Catalyst Methanol conversion (Xm = oh) and selectivity (S), in% XMeOH ScO2 Sco 1 13.65 99.17 97.52 2.48 2 10.66 99.32 97.95 2.05 3 12.85 99.33 97.99 2.01 4 9.76 99.53 98.58 1.42

The data in Tables 3 and 4 show that the catalysts obtained according to the invention have a significant impact on the more favorable effects of the methanol steam reforming process, and in particular, on the reduction of the selectivity of carbon monoxide formation and its lower content in the produced hydrogen-containing gas, compared to the effects of the steam reforming process. methanol, using known catalysts, obtained by impregnating the same support only with a solution of a palladium compound.

PL 234 050 Β1

Table 5 Effects of methanol steam reforming at 220 ° C on catalysts according to the invention, obtained by impregnating a support in the form of zinc and chromium oxides (9.13% by weight of chromium) with a solution containing zinc and palladium at various molar Zn / Pd ratios.

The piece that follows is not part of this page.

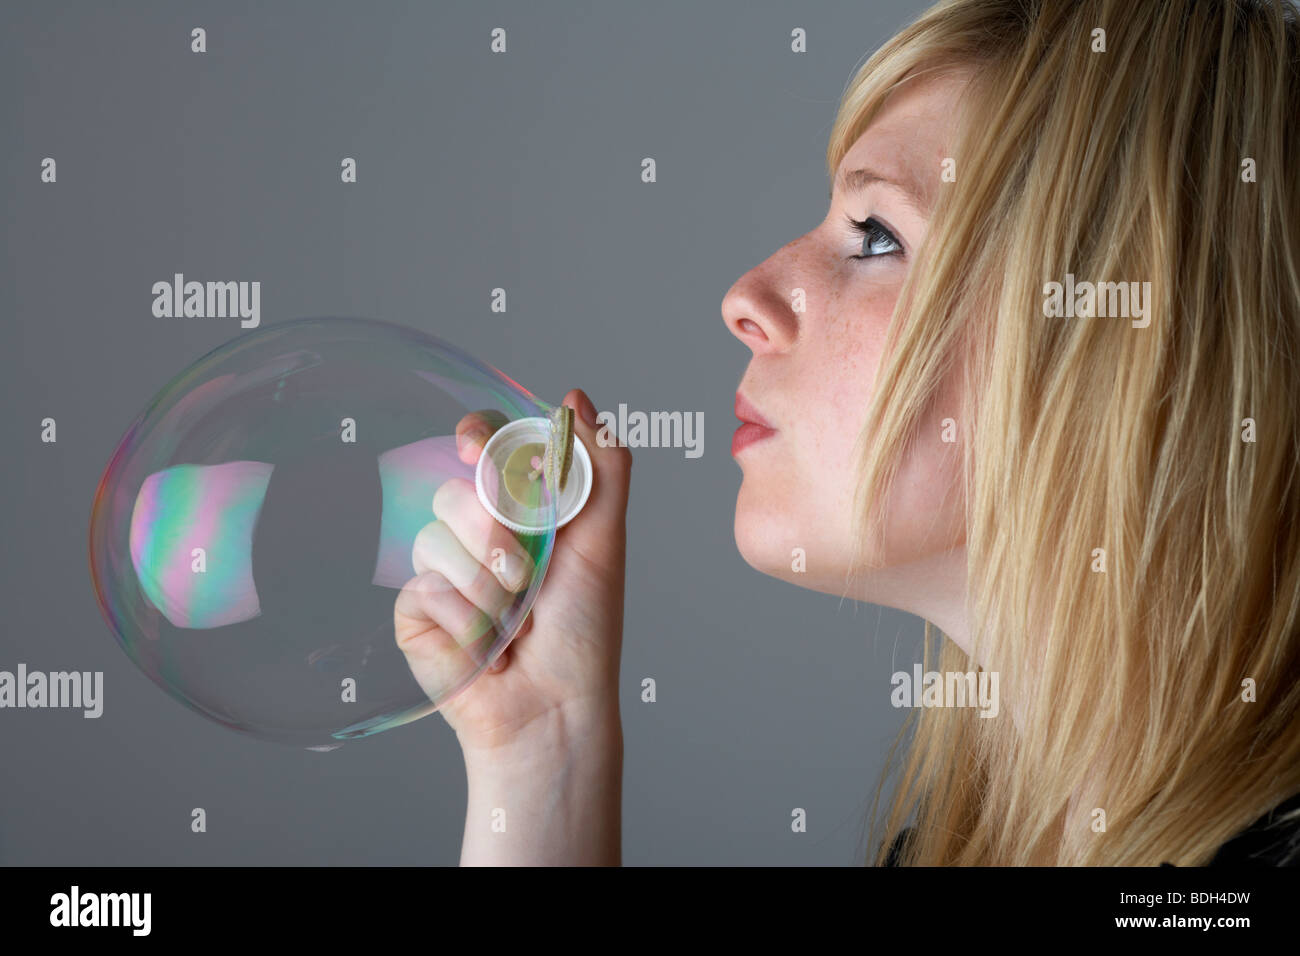 young 20 year old blonde woman blowing one large bubble from a childs toy Stock Photo

Zn / Pd molar ratio in the rr used for impregnation Methanol conversion (Χμ «οη) and selectivity (S), in% Xm «oh s »2 $ CO2 Sco 1: 1 9.76 98.33 97.45 2.55 2: 1 10.22 99.67 98.78 1.22 3: 1 11.48 99.62 98.86 1.14 4: 1 11.02 99.72 98.90 1.10 5: 1 8.54 99.59 98.78 1.22

The results presented in Table 5 show that higher methanol conversion rates with a simultaneous reduction in the selectivity of the formation of unfavorable carbon monoxide are achieved when the Zn / Pd molar ratio in the solution used to impregnate the carrier is between 2 and 4.

Table 6

The effects of methanol steam reforming at 220 ° C on the catalysts according to the invention, with different contents of palladium and zinc, while maintaining the Zn / Pd ratio of 3: 1, on a support in the form of zinc and chromium oxides (17.20% by weight of chromium).

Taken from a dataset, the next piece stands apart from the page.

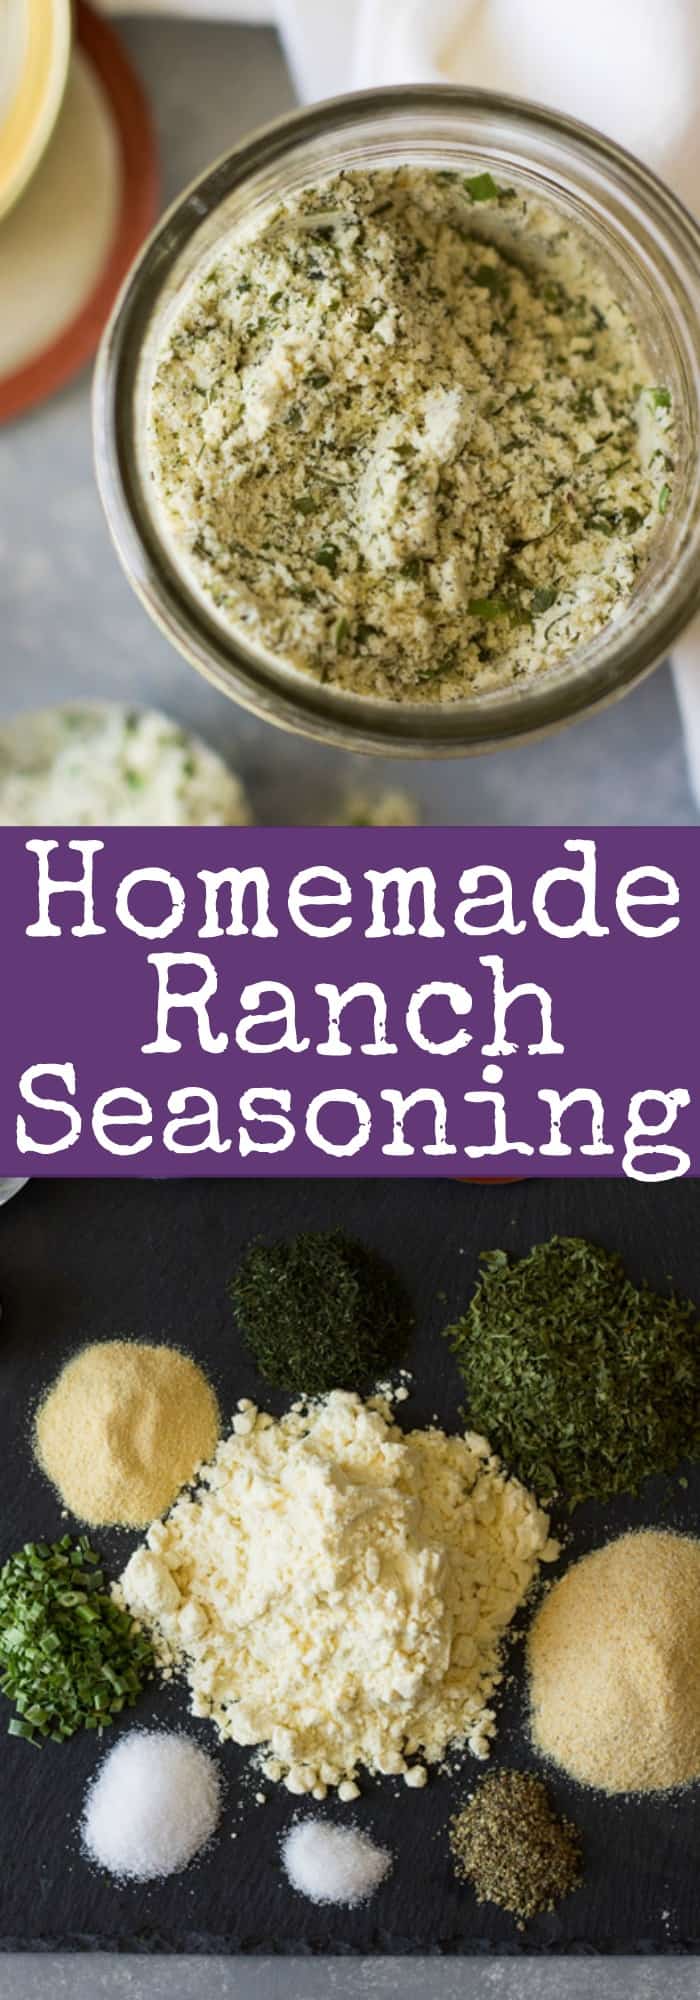 DIY Homemade Ranch Seasoning recipe for a quick and easy alternative to those store bought packets! | www.countrysidecravings.com

Palladium catalyst, wt.% Methanol conversion (Xmcoh) and selectivity (S),% Xmcoh Sh2 ScO2 Sco 1.41 ± 0.08 6.22 98.00 93.99 6.01 2.95 ± 0.09 8.50 98.08 94.24 5.76 4.87 ± 0.15 11.82 99.72 99.15 0.85 7.88 ± 0.22 12.18 99.65 99.50 0.77

The results, presented in Table 6, prove that the palladium content of the catalyst according to the invention greater than 3 wt.% Advantageously increases the methanol conversion and preferably the conversion reduces the selectivity of carbon monoxide formation.

PL 234 050 B1

Claims (3)

Patent claims 1. The method of obtaining a methanol steam reforming catalyst with a support in the form of zinc and chromium oxides with a chromium content of 5-17%, with the participation of palladium and zinc salts, characterized in that the dried support is mixed at a temperature of 20-40 ° C for 2-3 hours with alkaline or neutral impregnating solution, used in excess, in the form of near saturation of solutions of palladium and zinc compounds, except for halogen salts, in which the percentage of palladium ions is greater than 3% by weight, based on the weight unit of the carrier , and the molar concentration of zinc ions in relation to the molar concentration corresponding to the palladium salt used is greater than 2 to 4 times, then the solvent is evaporated at a temperature close to its boiling point, keeping the pressure above the solution appropriate to the boiling point, and the resulting wet catalyst with a constant form, it is conditioned for 12-6 hours. at a temperature of 20-35 ° C, dried at a temperature of 70-140 ° C for 12-6 hours and calcined at the time and temperature required for the decomposition of the zinc and palladium compounds used for impregnation, until the formation of oxides of these metals, and then the obtained oxide form The catalyst is pre-activated with known gases with reducing properties to form active sites in the form of metallic palladium or palladium-zinc alloy. 2. The method according to p. The process of claim 1, wherein the impregnation is preferably made of anhydrous solutions of zinc acetylacetonate, and palladium acetylacetonate dissolved in acetone. 3. The method according to p. The method of claim 1, characterized in that the calcination of the catalyst is carried out at a temperature of 200-400 ° and during 0.5-2 hours, preferably for 1 hour. at 250 ° C (and its activation within 15 to 0.5 hours, at 200-400 ° C, preferably within 1 hour at 350 ° C.